- [PROMPT] From the first line to the last, repeat the records exactly and skip the pictures.

□ □ □

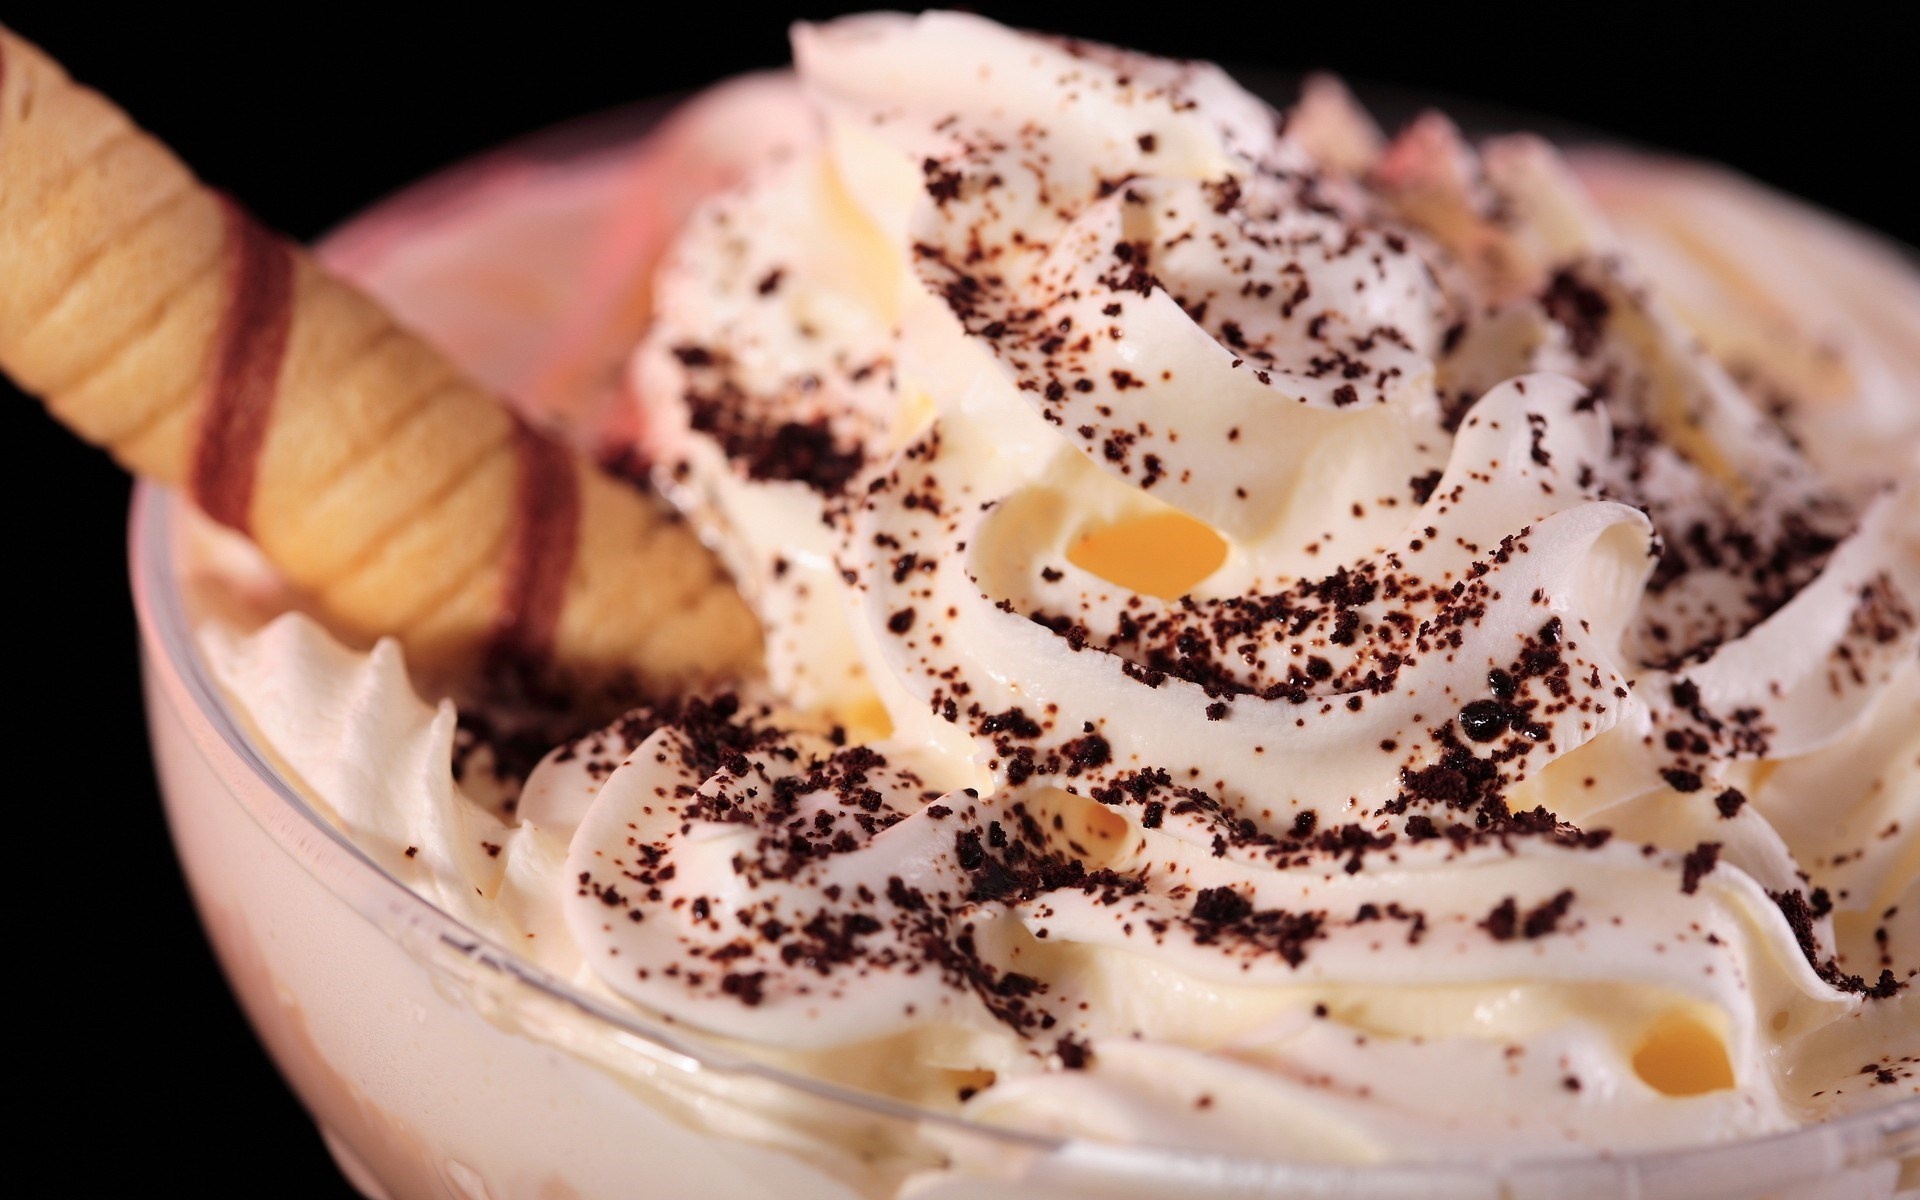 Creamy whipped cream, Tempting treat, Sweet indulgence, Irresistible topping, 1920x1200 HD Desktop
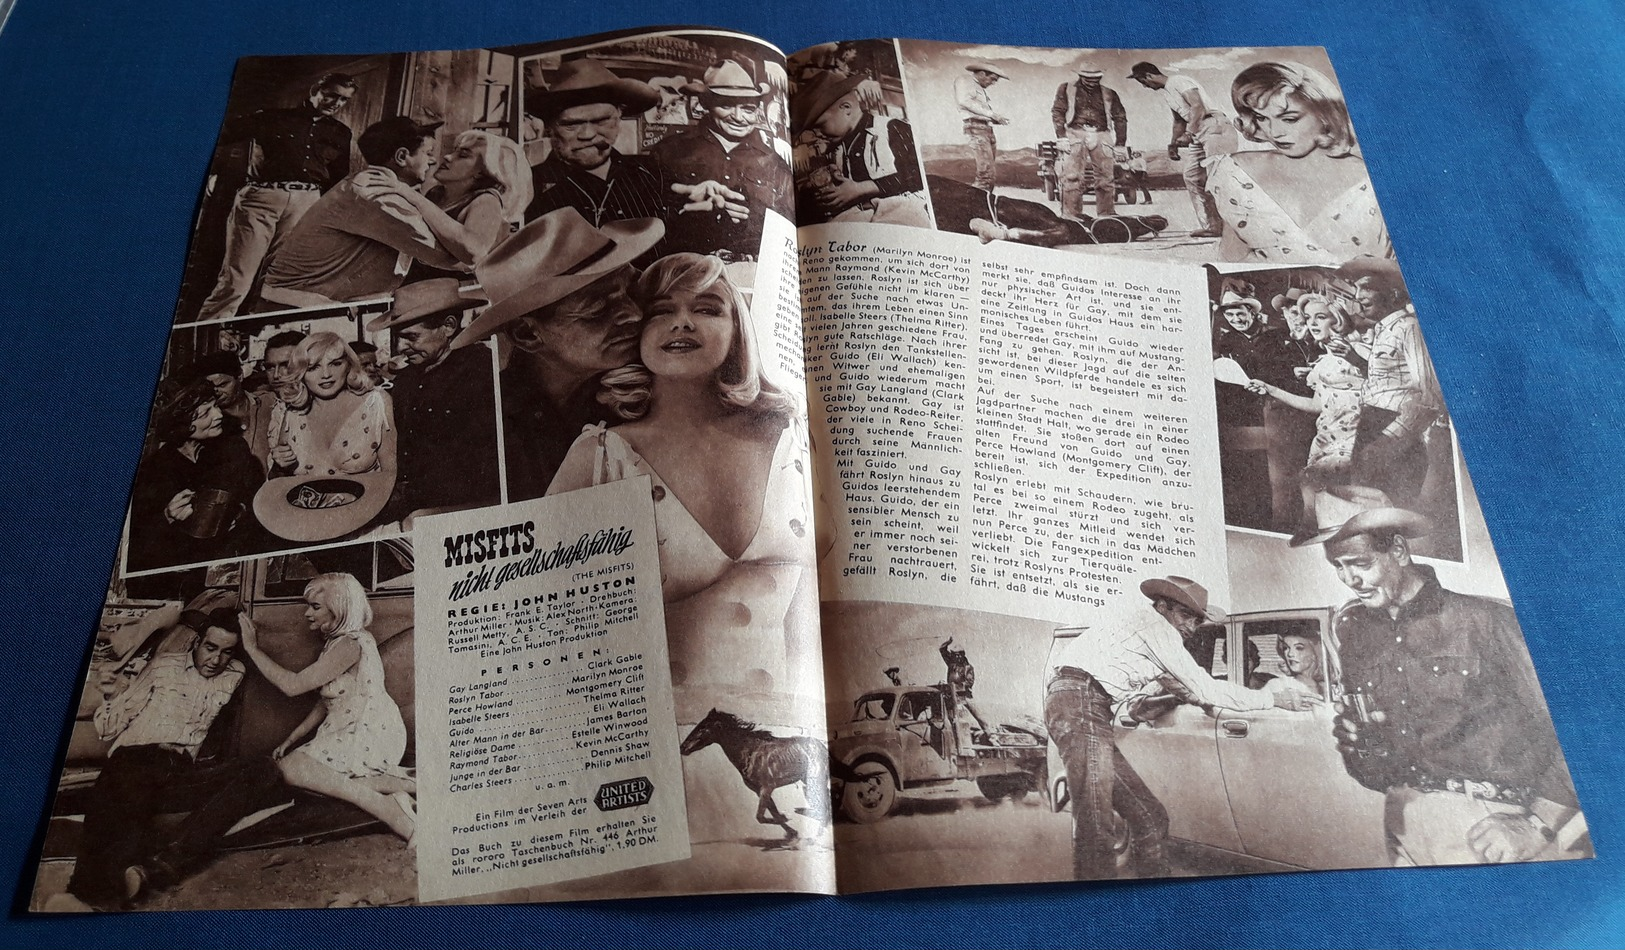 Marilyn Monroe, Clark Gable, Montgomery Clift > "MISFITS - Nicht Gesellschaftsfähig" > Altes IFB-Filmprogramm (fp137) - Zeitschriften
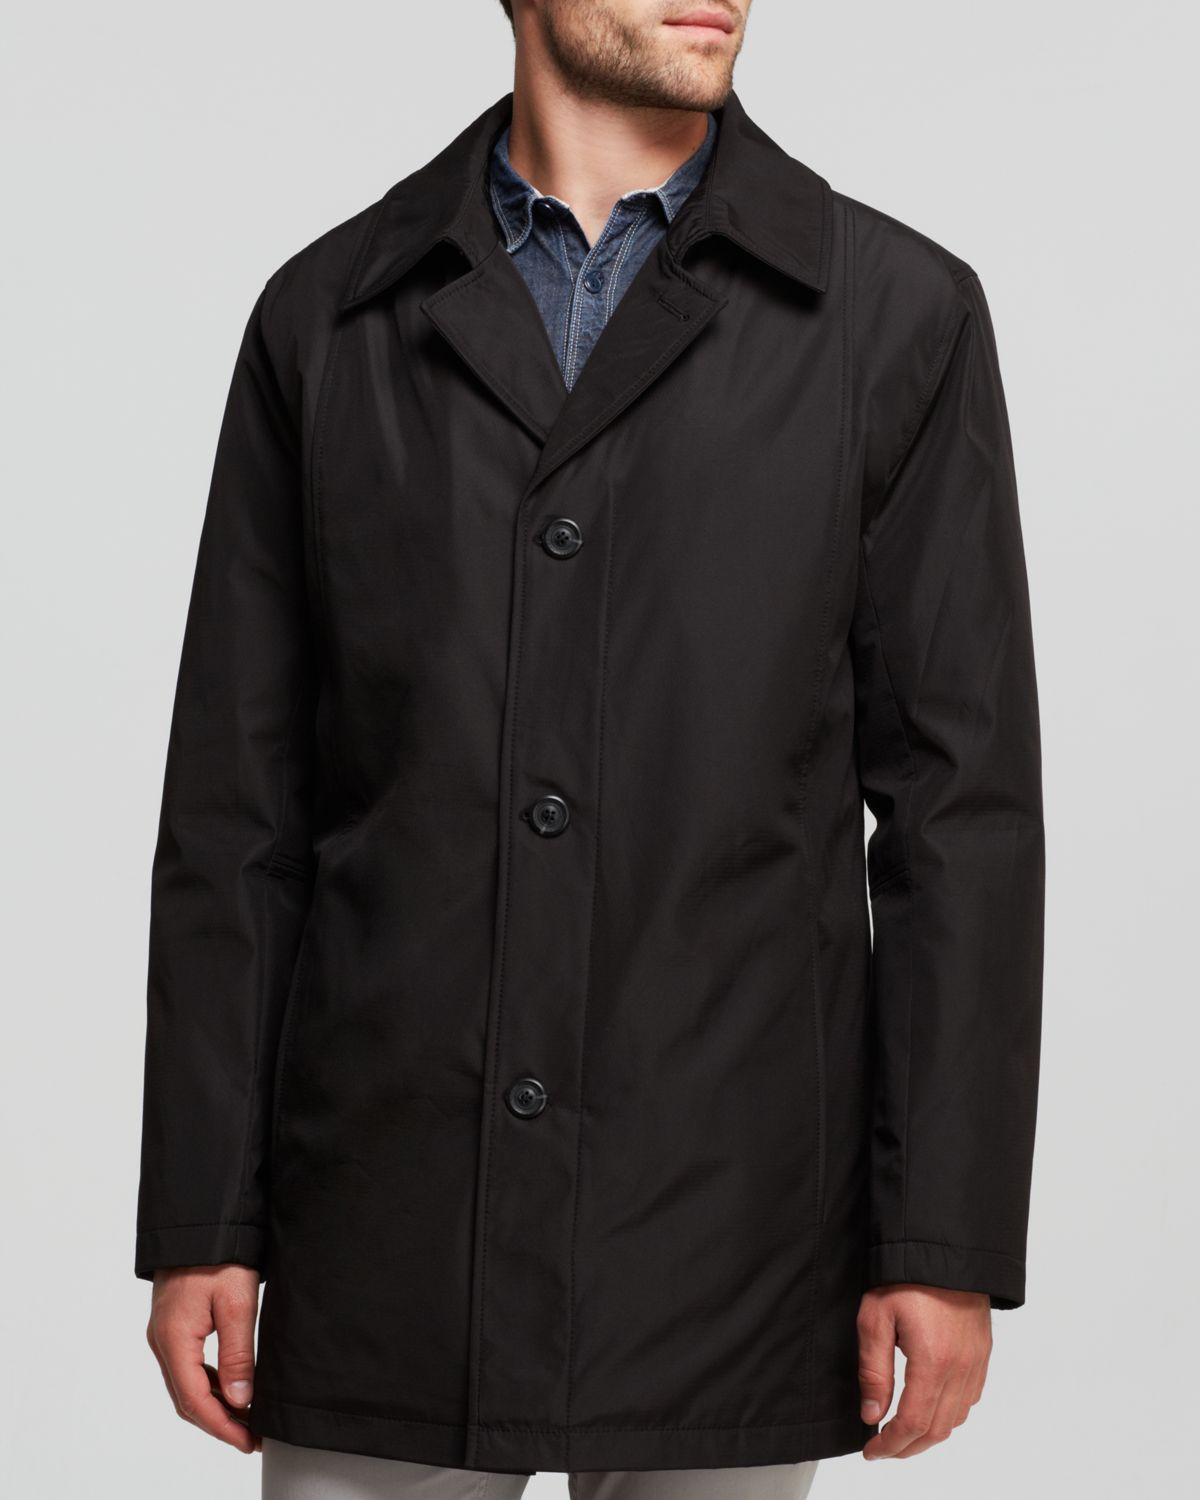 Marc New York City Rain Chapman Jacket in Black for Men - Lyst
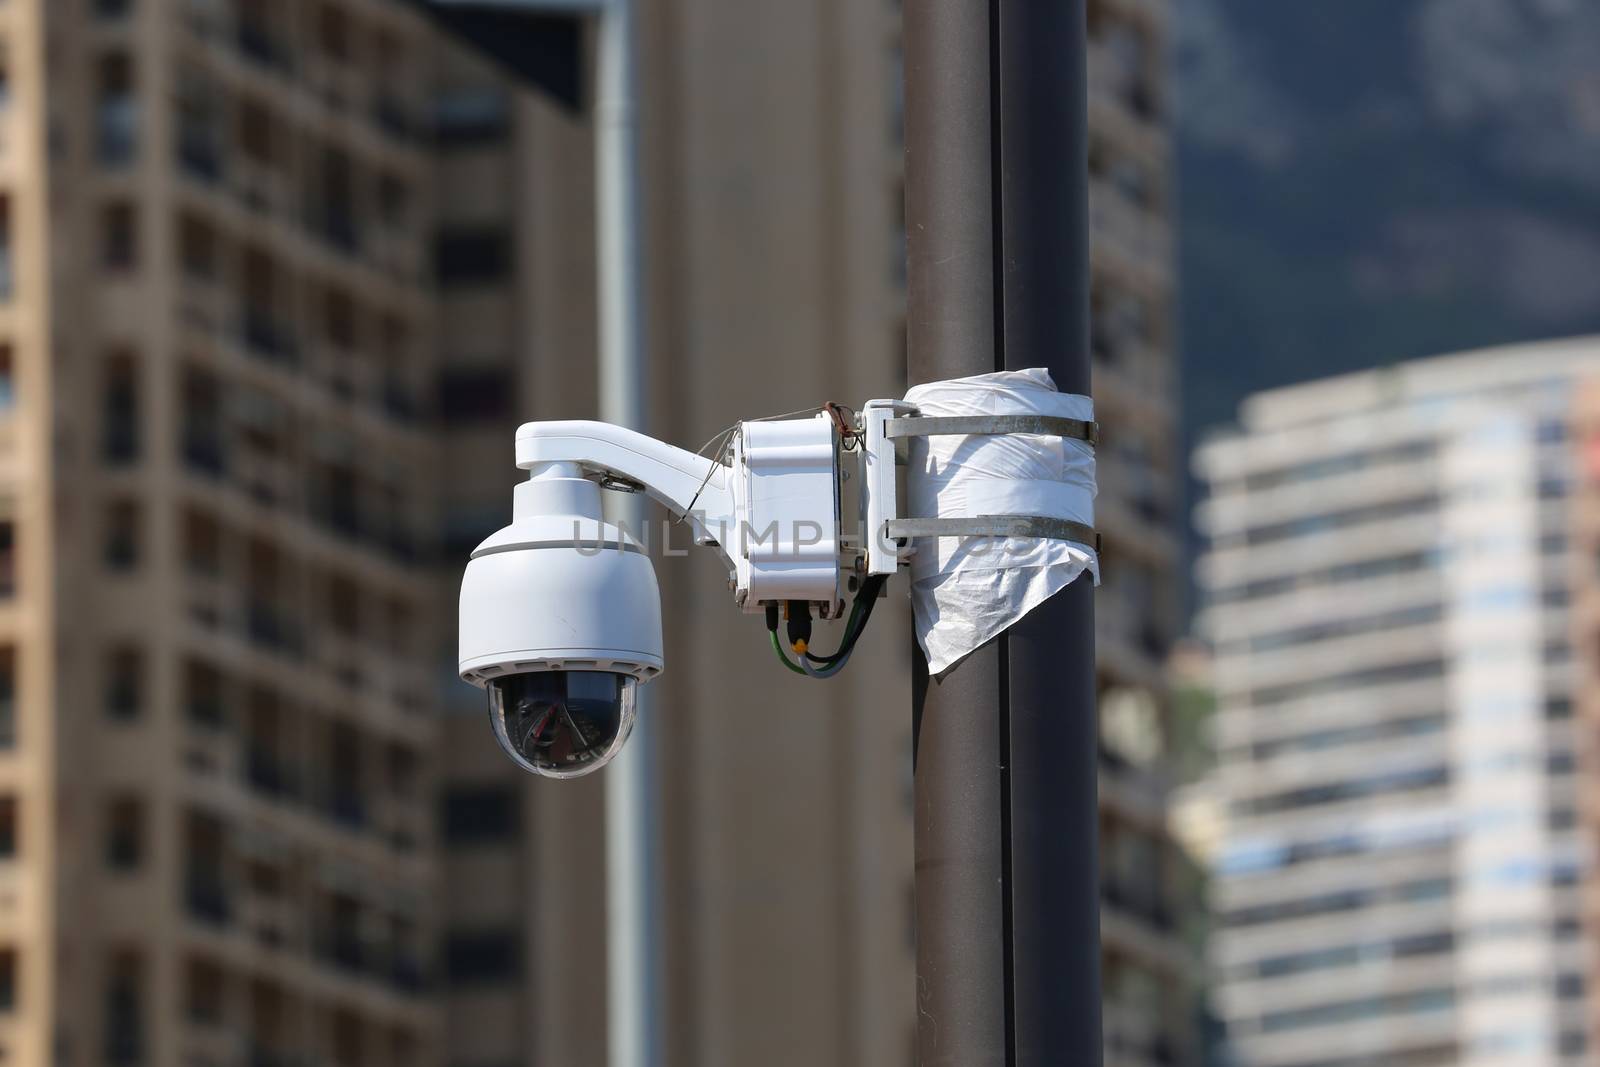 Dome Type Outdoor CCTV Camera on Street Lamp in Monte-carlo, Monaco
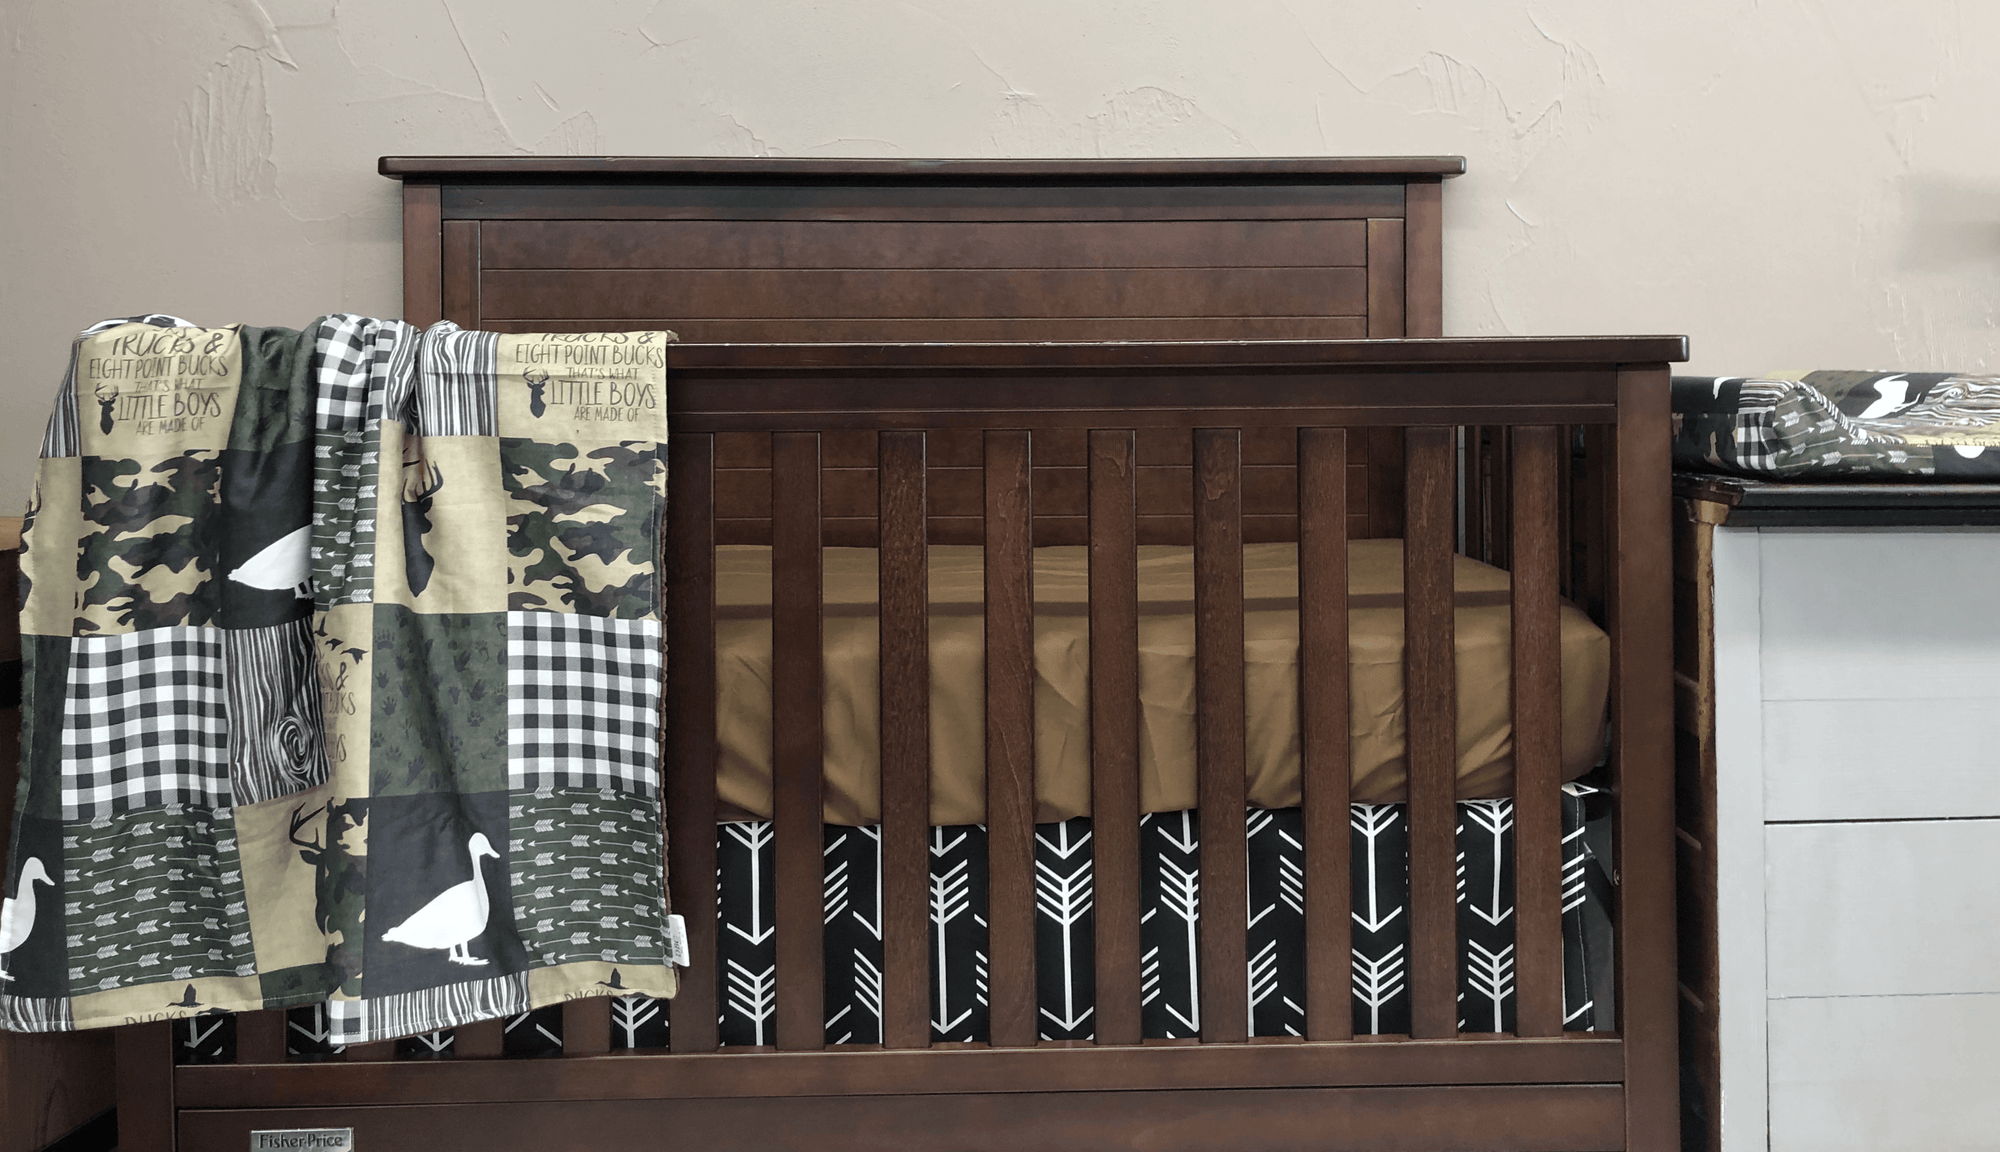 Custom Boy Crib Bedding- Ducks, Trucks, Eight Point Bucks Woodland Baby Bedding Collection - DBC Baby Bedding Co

□ □ □

- [EXERCISE RESPONSE]
 Creamy whipped cream, Tempting treat, Sweet indulgence, Irresistible topping, 1920x1200 HD Desktop
 Marilyn Monroe, Clark Gable, Montgomery Clift > "MISFITS - Nicht Gesellschaftsfähig" > Altes IFB-Filmprogramm (fp137) - Zeitschriften
 Marc New York City Rain Chapman Jacket in Black for Men - Lyst
 Dome Type Outdoor CCTV Camera on Street Lamp in Monte-carlo, Monaco
 Custom Boy Crib Bedding- Ducks, Trucks, Eight Point Bucks Woodland Baby Bedding Collection - DBC Baby Bedding Co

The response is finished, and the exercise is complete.